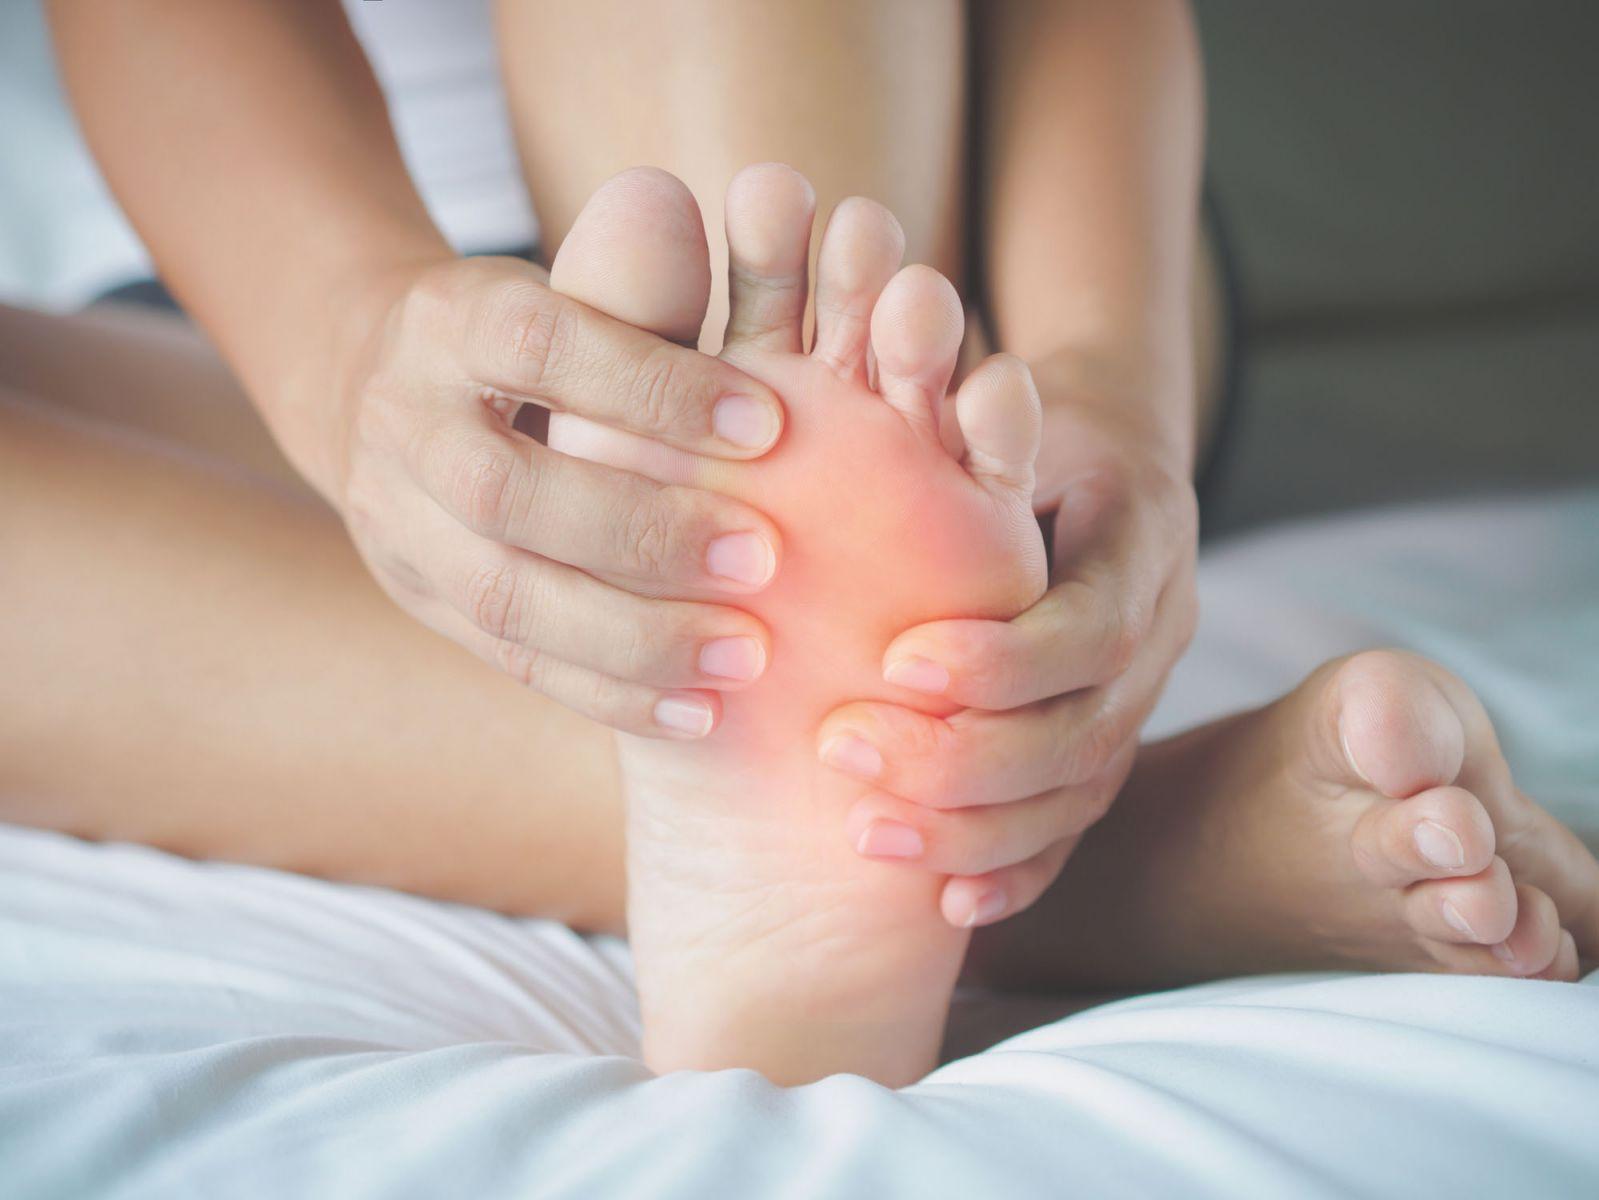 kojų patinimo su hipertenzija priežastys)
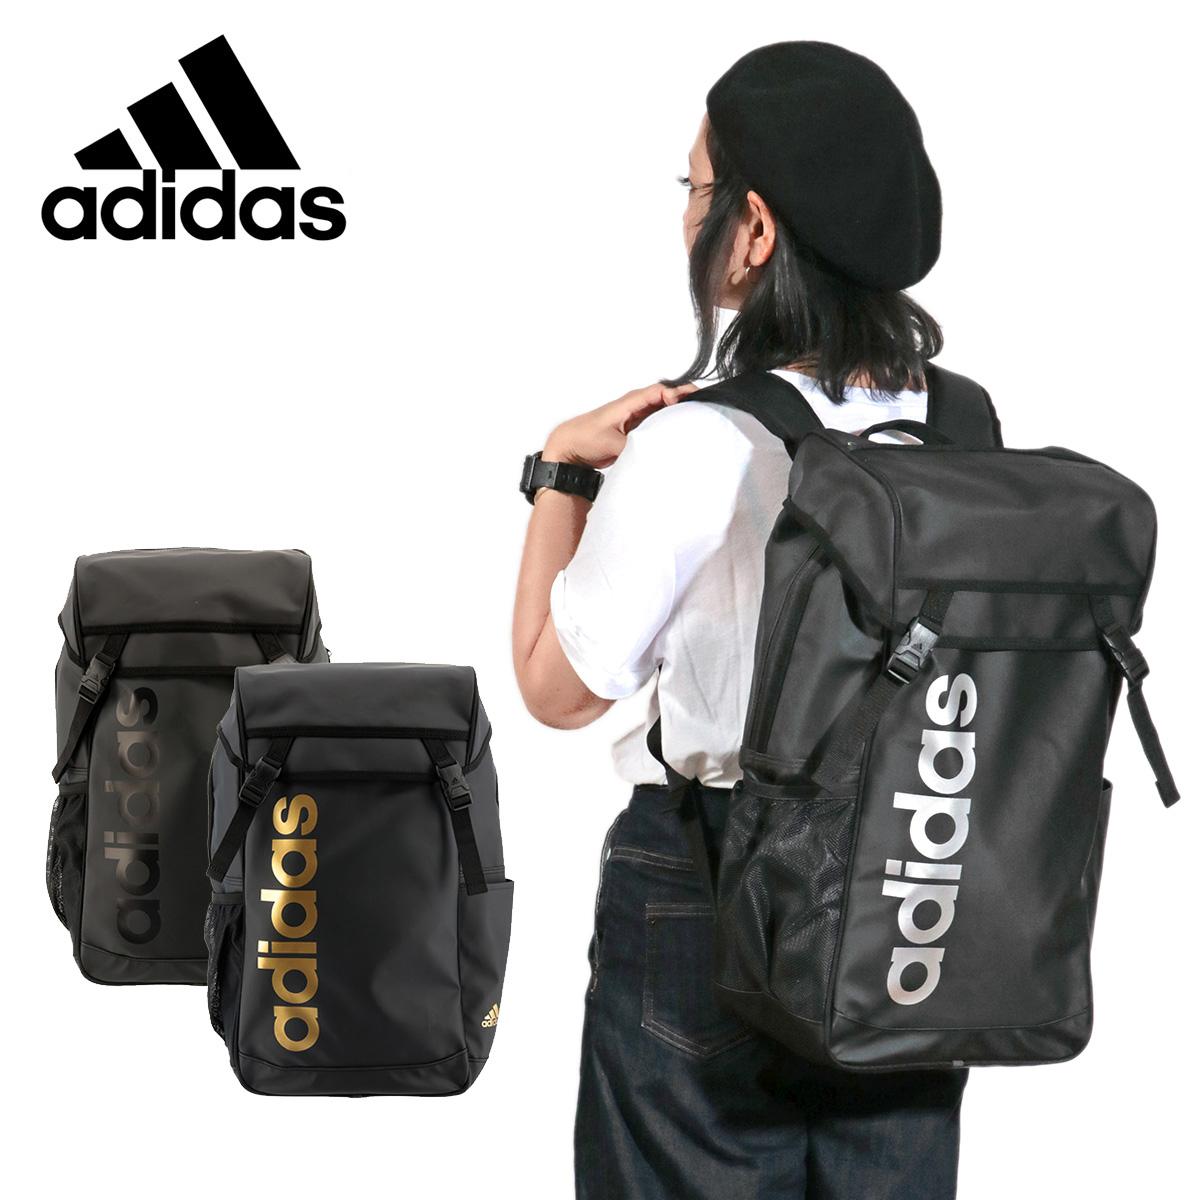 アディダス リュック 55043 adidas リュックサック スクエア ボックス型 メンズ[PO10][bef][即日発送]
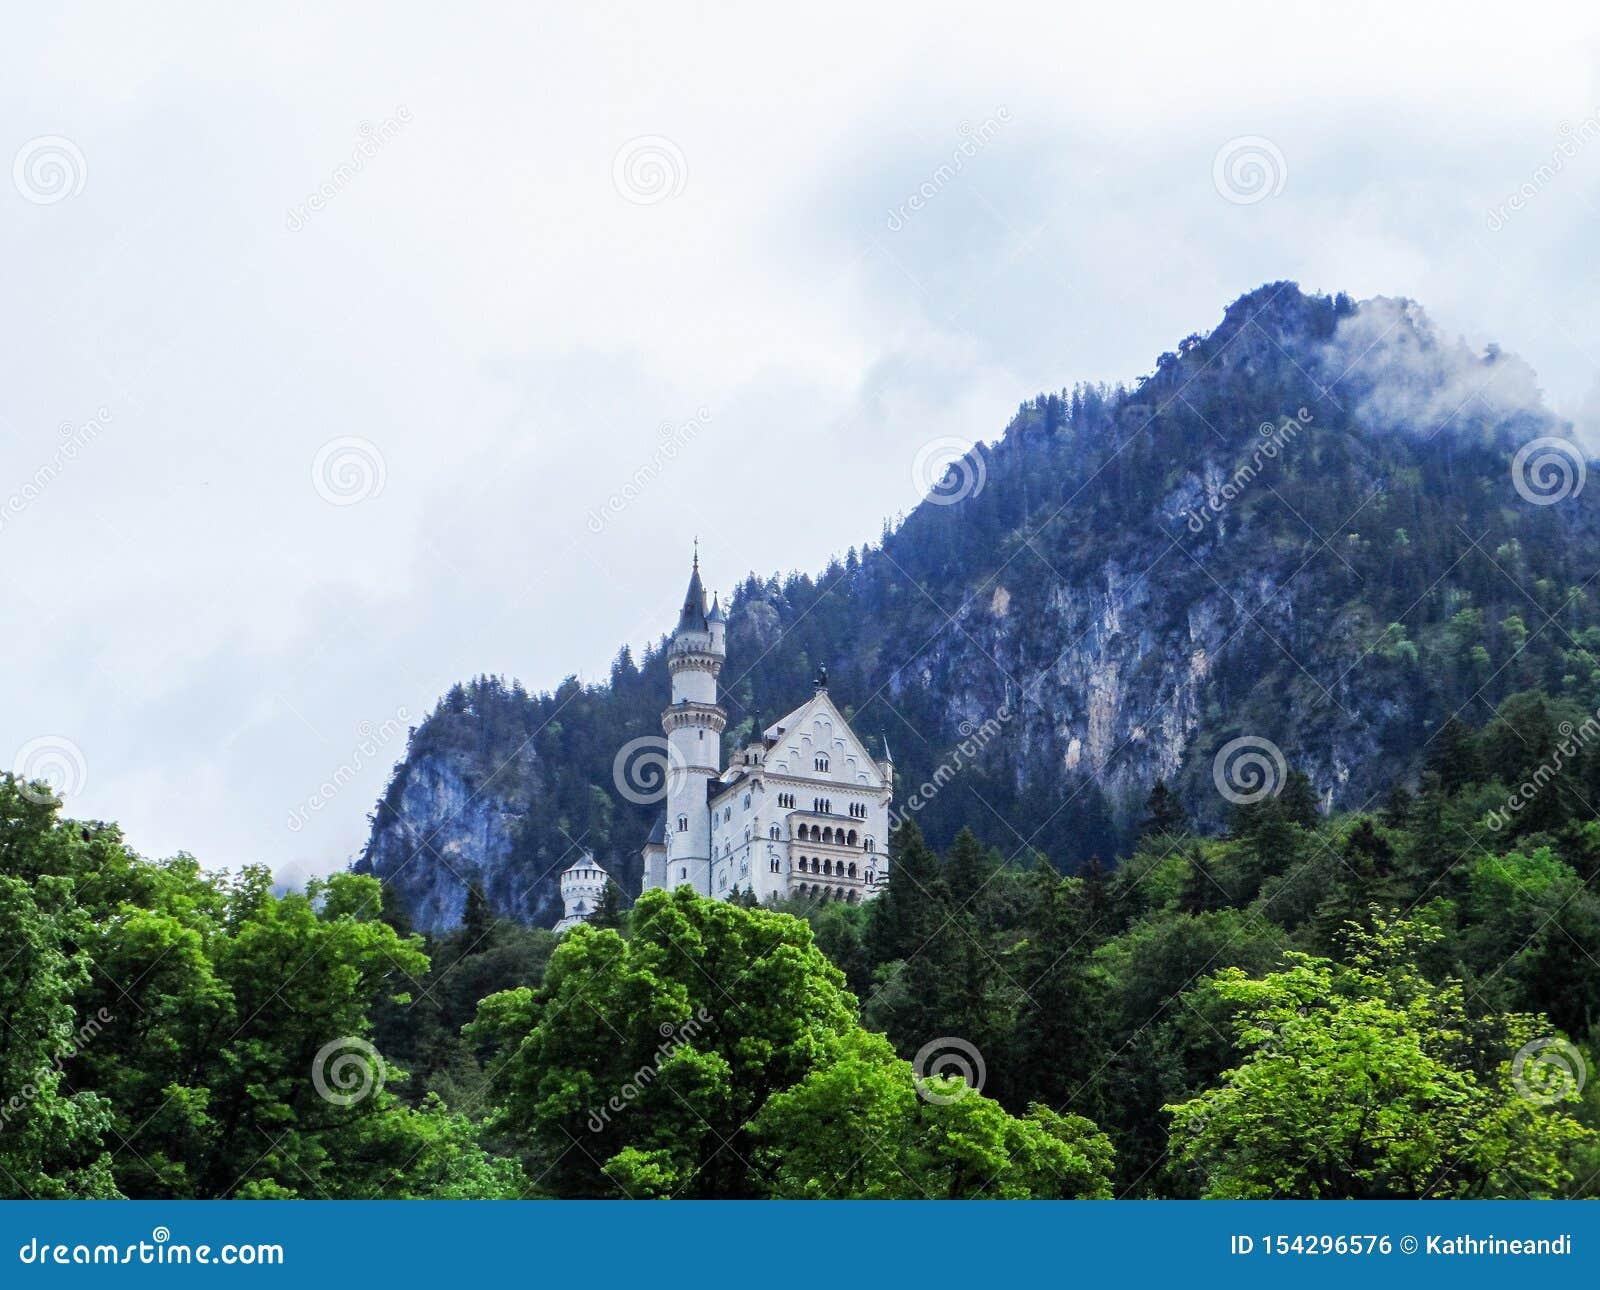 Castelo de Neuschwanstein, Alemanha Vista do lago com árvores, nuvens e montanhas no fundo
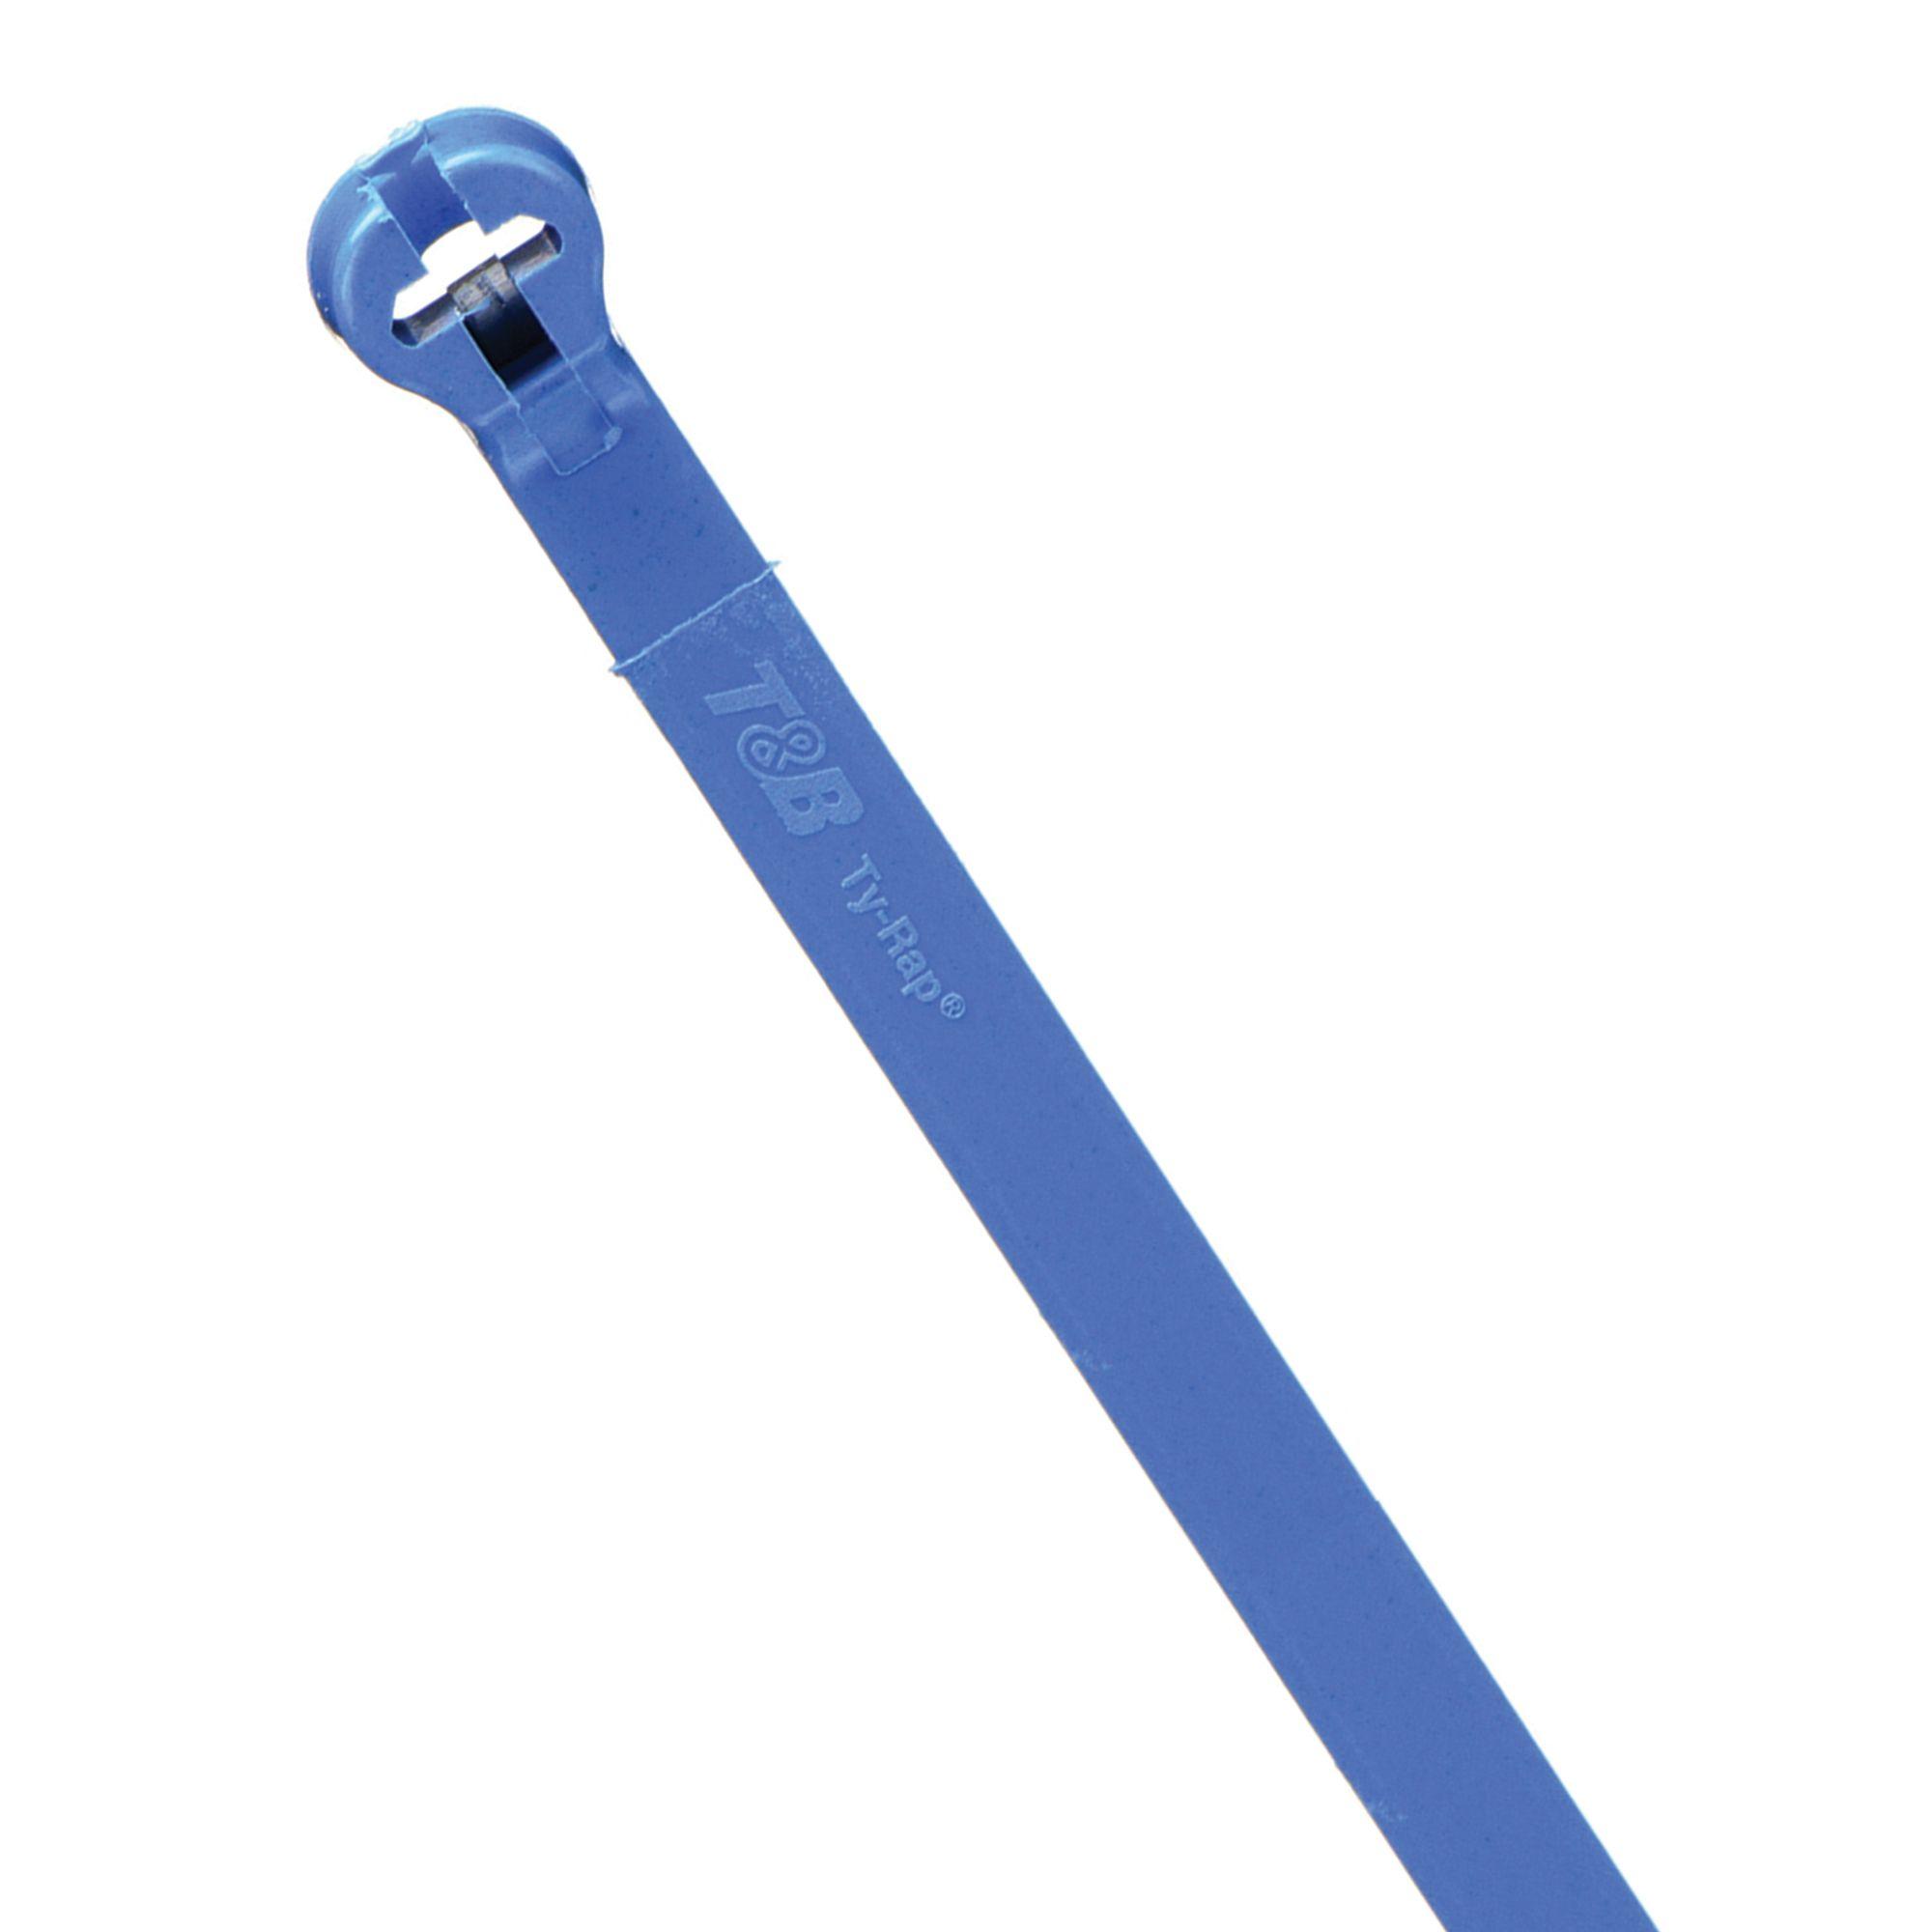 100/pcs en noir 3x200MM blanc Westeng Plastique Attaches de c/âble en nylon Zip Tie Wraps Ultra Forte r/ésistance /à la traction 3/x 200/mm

### Task brief
Your response must reproduce every line of the data exactly, with images omitted.

### Response
 kojų patinimo su hipertenzija priežastys)
 アディダス リュック 55043 adidas リュックサック スクエア ボックス型 メンズ[PO10][bef][即日発送]
 Castelo de Neuschwanstein, Alemanha Vista do lago com árvores, nuvens e montanhas no fundo
 100/pcs en noir 3x200MM blanc Westeng Plastique Attaches de c/âble en nylon Zip Tie Wraps Ultra Forte r/ésistance /à la traction 3/x 200/mm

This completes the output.